Avaragado’s rating: assorted power-enhancing fruit

Last Friday His Holiness Stephen Fry graced the Corn Exchange with his wise and illustrious visage for ninety minutes of chatter and readings from the new volume of his autobiography, The Fry Chronicles.

Fry is of course a national treasure; not quite at Thora Hird levels but then she did have the stairlift. In the talk he told how it nearly didn’t happen – two ‘hinges’ in his life, as he put it, that might have swivelled differently and led to a very different personal history. This is true of everyone, naturally – we are each the sum of our decisions, both micro and macro – and I can identify a couple of hinges in my own life, similarly seminal in moulding the modern me. One of them was undoubtedly the chance meeting I wrote about recently that set me along the computing path. I occasionally wonder how different my life might have been had that meeting never happened. In a parallel universe I might very well be an HGV driver with an intimate knowledge of overhead camshafts.
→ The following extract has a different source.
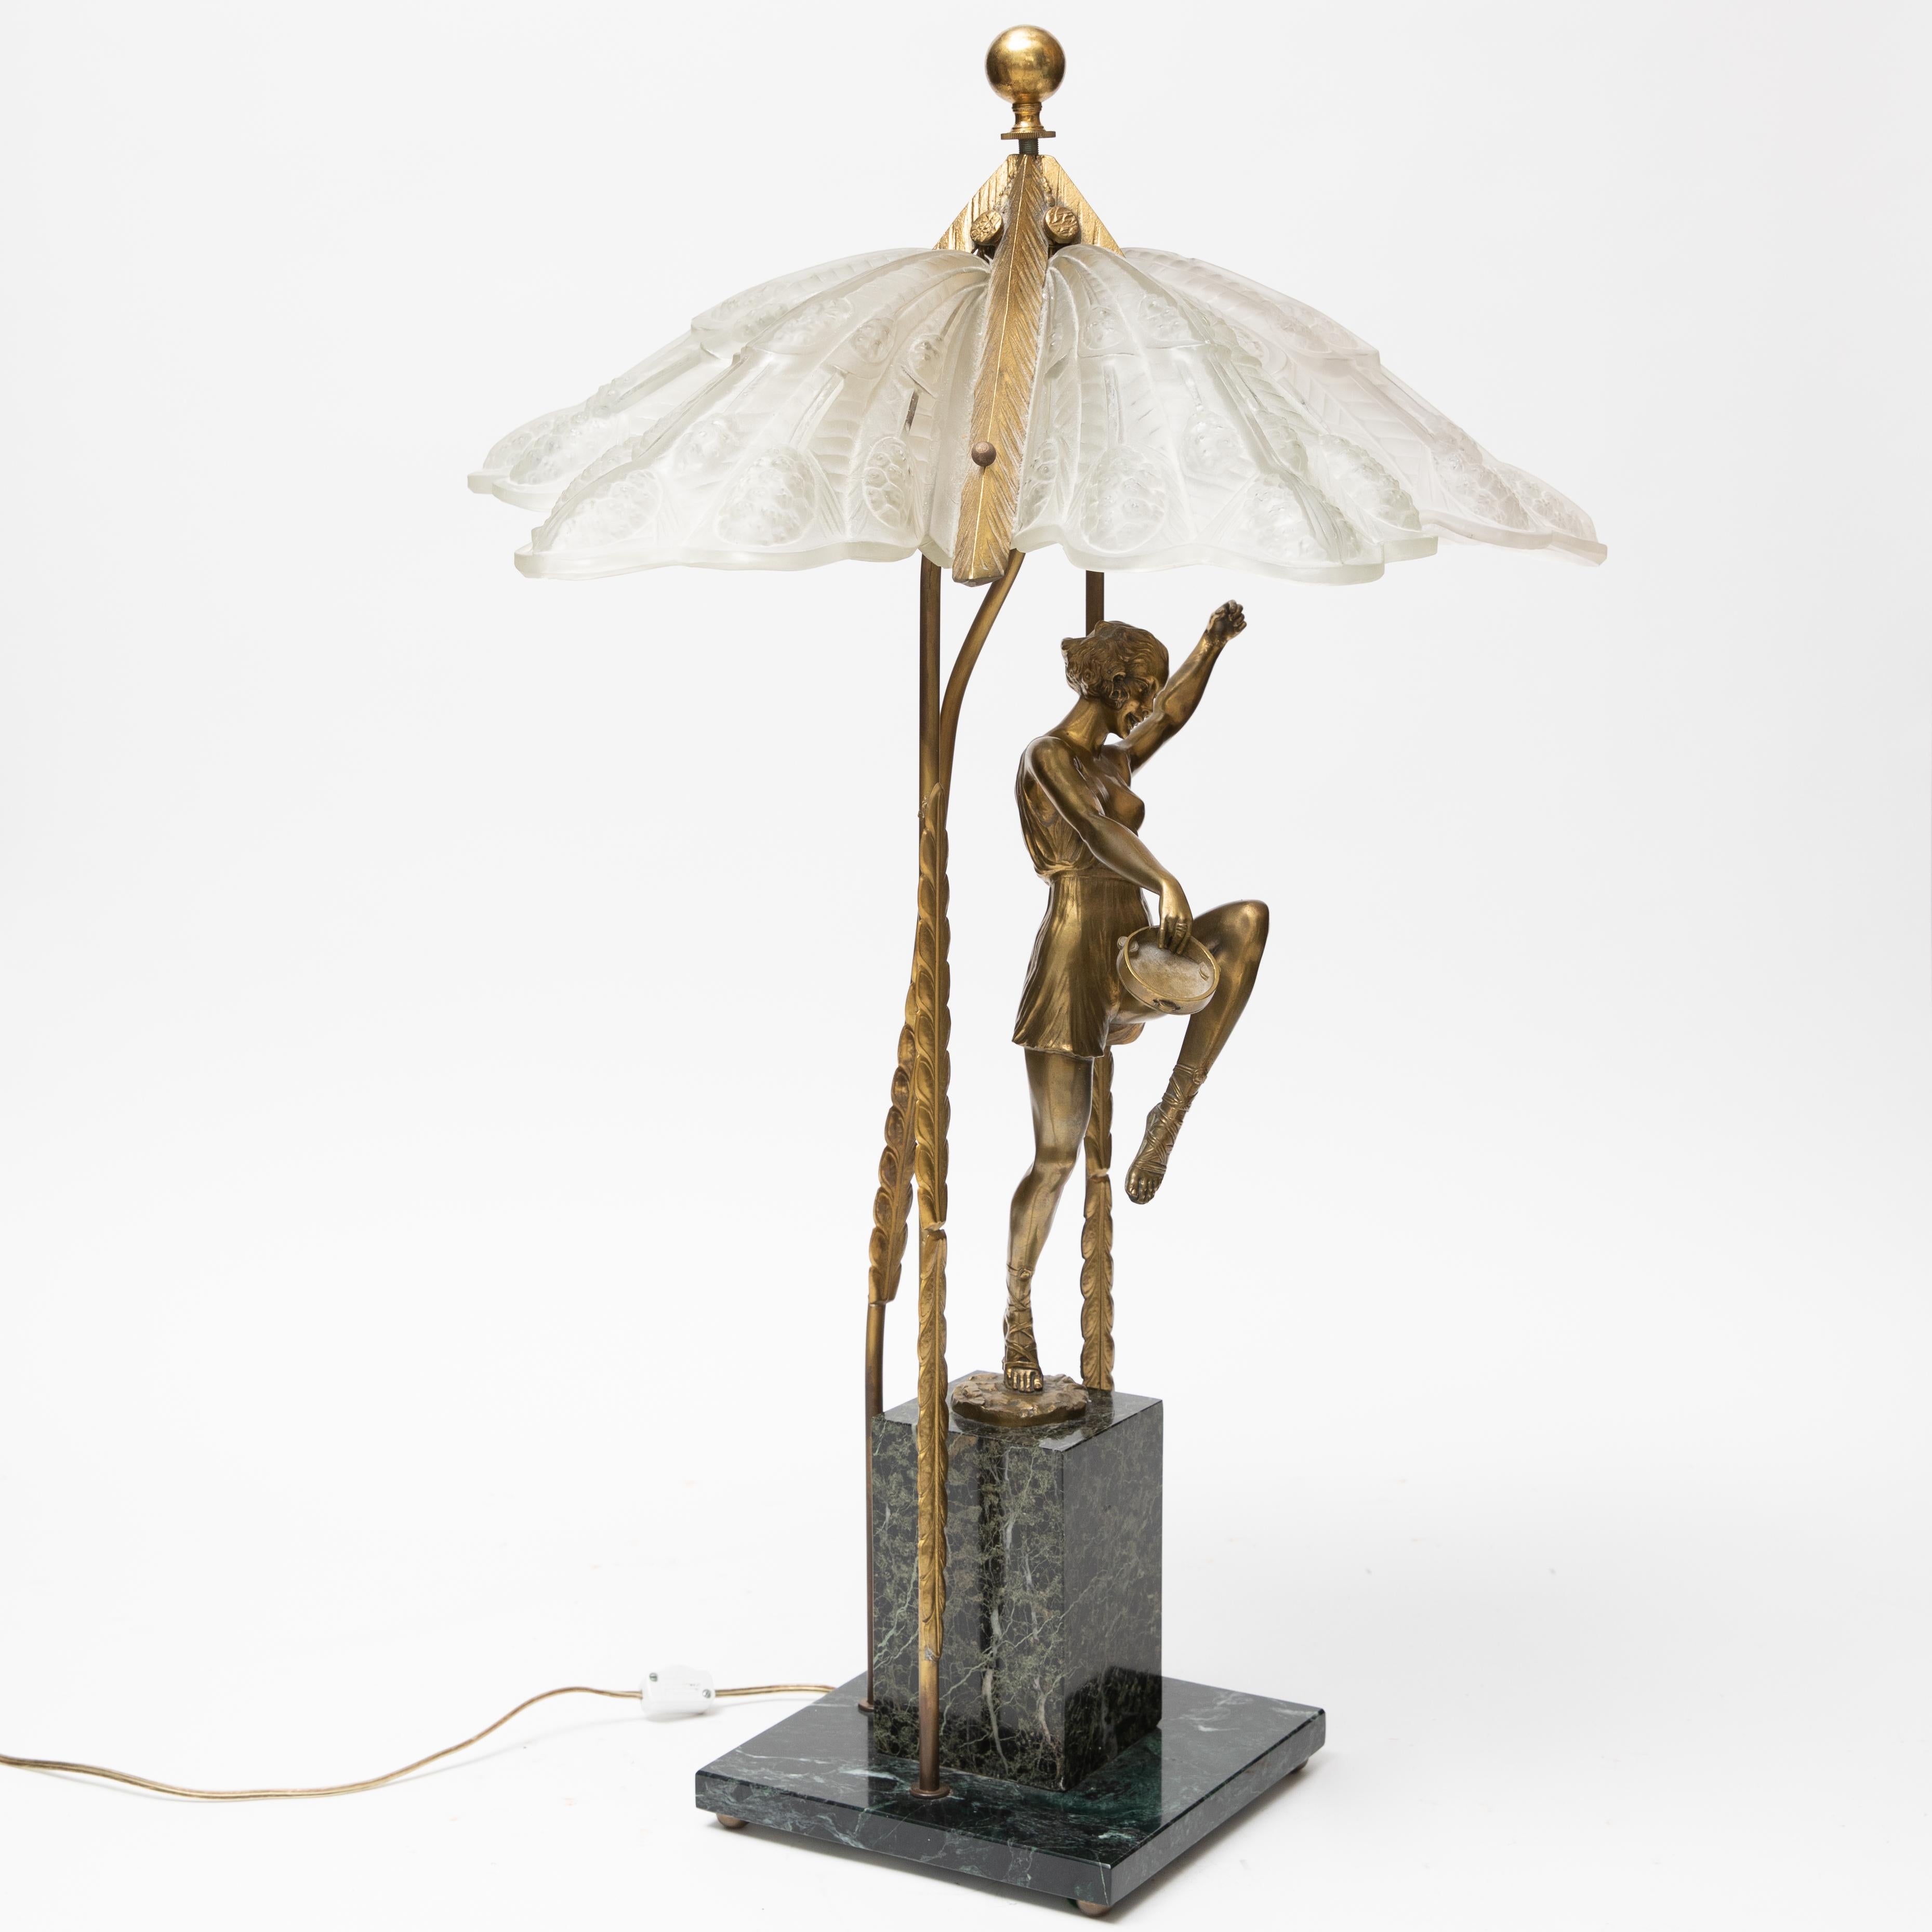 Tall Art Deco brass and frosted glass lamp. This lamps depicts a dancer holding a tambourine in her right hand. The glass shade resembles Lalique in style and is all held together with brass fittings on top of a marble base. This lamp measures 33.5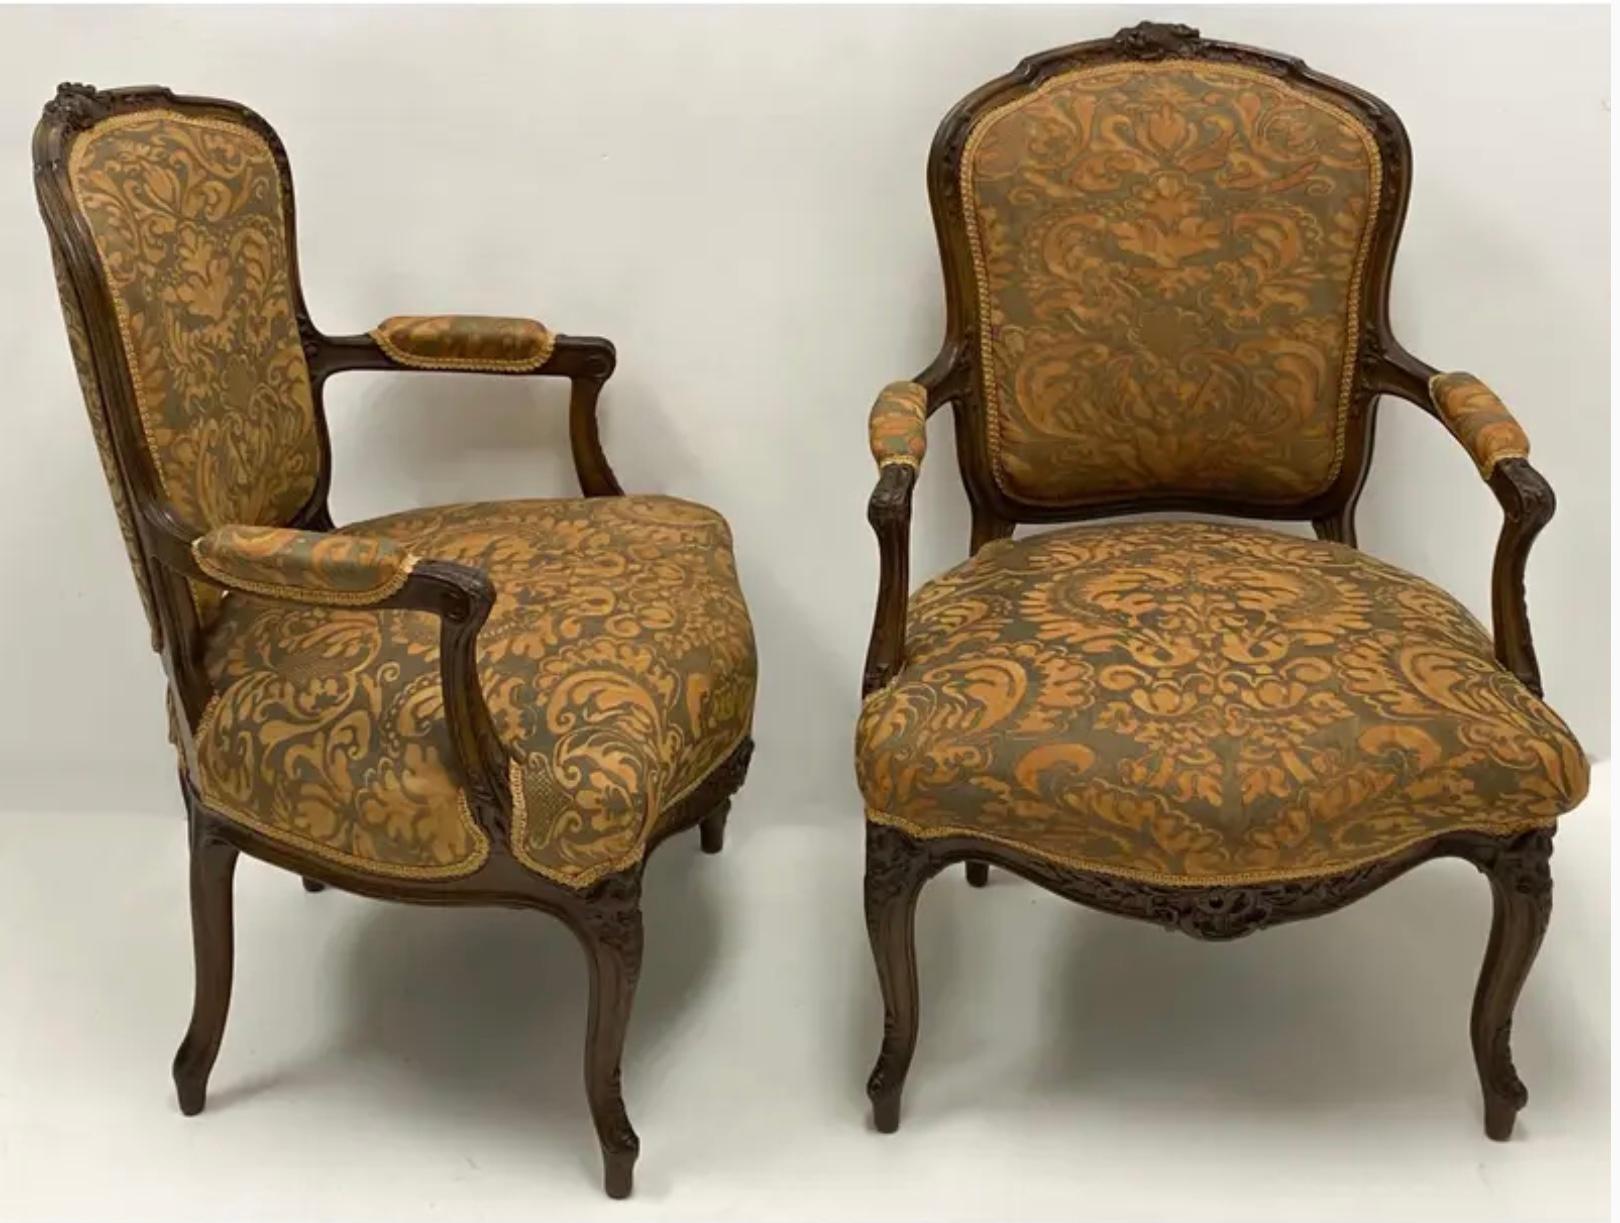 This is a pair of carved 19th-C. French bergere chairs in a vintage silk Fortuny fabric. The frames are carved walnut. The fabric is vintage and in good condition.

Fry’s retelling of his first meeting with Hugh Laurie at Cambridge, how they started writing together with virtually no preamble, no getting-to-know-you stage, was fascinating. Almost like love at first sight, he said. It made me want to read the autobiography, which was after all the point of the evening. And it made me want to write more, which most things seem to do at the moment.

Attendees were granted individual audiences with Stephen post-show, assuming they had crossed the palm of the man from Waterstones (Gary) with silver and bought a book to sign. A health-and-safety worryingly large number of people did so; it was impossible to distinguish queue from non-queue. The call of B Bar proved stronger and we high-tailed it out of a side door.

It strikes me that the blessed Stephen’s life is ripe for a BBC Four drama-documentary someday. It’ll happen, mark my words.

Avaragado’s rating: bon-bons

Oh, and the Pope popped in for a visit.

I’m not a fan.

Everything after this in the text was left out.